Livia seguía mirándolo con curiosidad, pero sin participar en la conversación. Joakim también había sido tímido de pequeño, sería una pena que ella heredase ese rasgo de su carácter.

–Podéis jugar a la pelota –dijo entonces–. Sé de un cuarto perfecto para eso.

Empezó a andar por la casa y los niños lo siguieron. En el salón, que aún estaba sin amueblar, solo había un par de sillas y algunas cajas de cartón.

–Aquí podéis jugar –dijo, y colocó tres cajas de cartón ante la ventana como protección.

Andreas dejó caer su pelota de plástico, regateó con cuidado y a continuación chutó hacia Livia. El polvo se arremolinó creando una fina nube gris.

Livia le dio una patada a la pelota, pero falló. Gabriel la persiguió sin alcanzarla

–Paradla primero con el pie –les explicó Joakim a su hijos–. Así la podréis controlar.

Livia lo miró enfadada, como si no aceptara consejos. Después, se dio la vuelta deprisa y atrapó la pelota con los pies en un rincón de la habitación; a continuación, le dio un fuerte puntapié.

–Buen disparo –dijo Andreas.

Vaya forma de flirtear, pensó Joakim, pero Livia sonrió satisfecha.

–Ponte allí –pidió entonces el niño, y señaló la otra puerta, en la pared de enfrente–, así podremos tirar a gol.

Livia corrió hacia la puerta doble, y Joakim abandonó el salón y regresó al empapelado.
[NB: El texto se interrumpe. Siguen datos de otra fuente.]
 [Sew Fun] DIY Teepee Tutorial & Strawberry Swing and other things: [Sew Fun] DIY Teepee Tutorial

Oyó botar la pelota.

–¡Gol! –gritó Andreas, y Livia y Gabriel aullaron con voz chillona antes de que los tres rompieran a reír.

A Joakim le gustaron los alegres chillidos y carcajadas que resonaban por la casa. Muy bien; había conseguido un amigo para sus hijos.
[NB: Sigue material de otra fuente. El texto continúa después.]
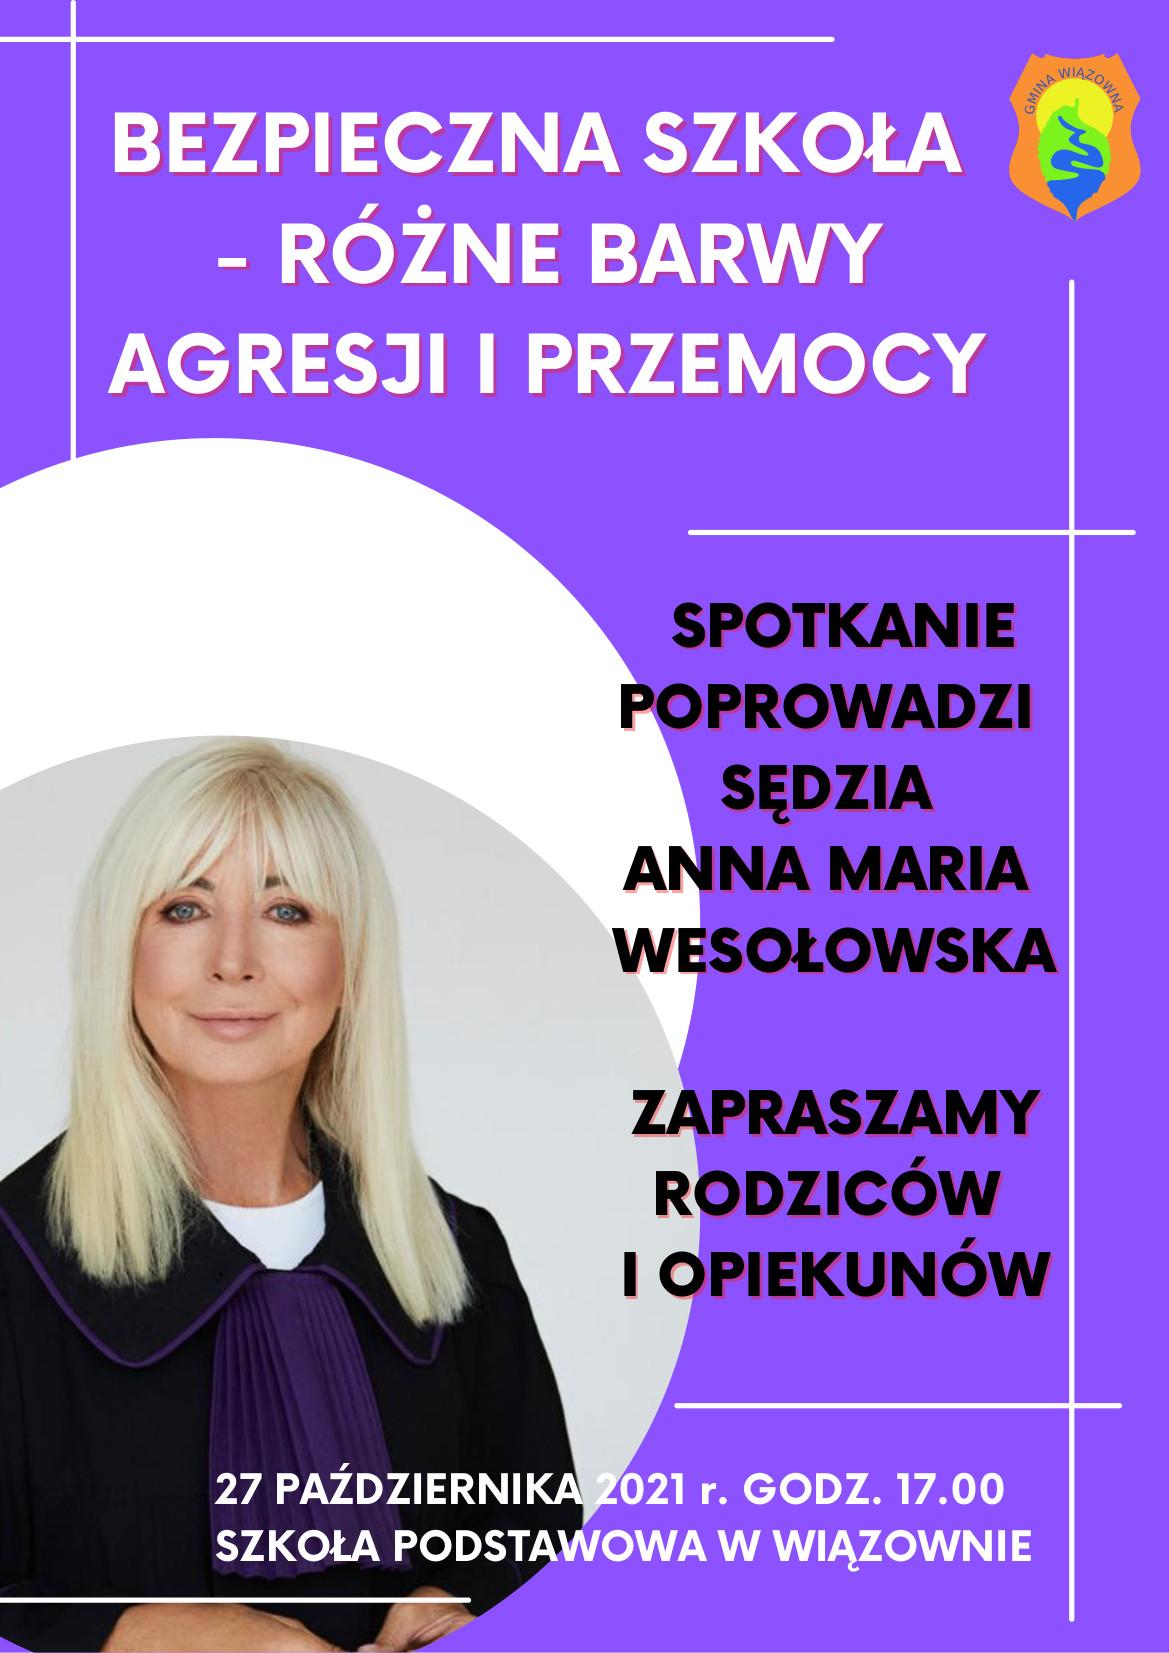 Plakat zapraszający na spotkanie z sędzią Anną Marią Wesołowską 27 października w szkole podstawowej w Wiązownie o godz. 17.00

Metió la brocha en el bote de cola, lo revolvió unas cuantas veces y luego se puso manos a la obra en otra pared. Pegó tira tras tira, y la habitación fue cambiando de color, volviéndose poco a poco más clara. Alisó las burbujas del papel y eliminó la cola restante con una esponja húmeda.

Cuando apenas le quedaba por cubrir una franja de más o menos un metro, se dio cuenta de que ya no se oían las voces de los niños.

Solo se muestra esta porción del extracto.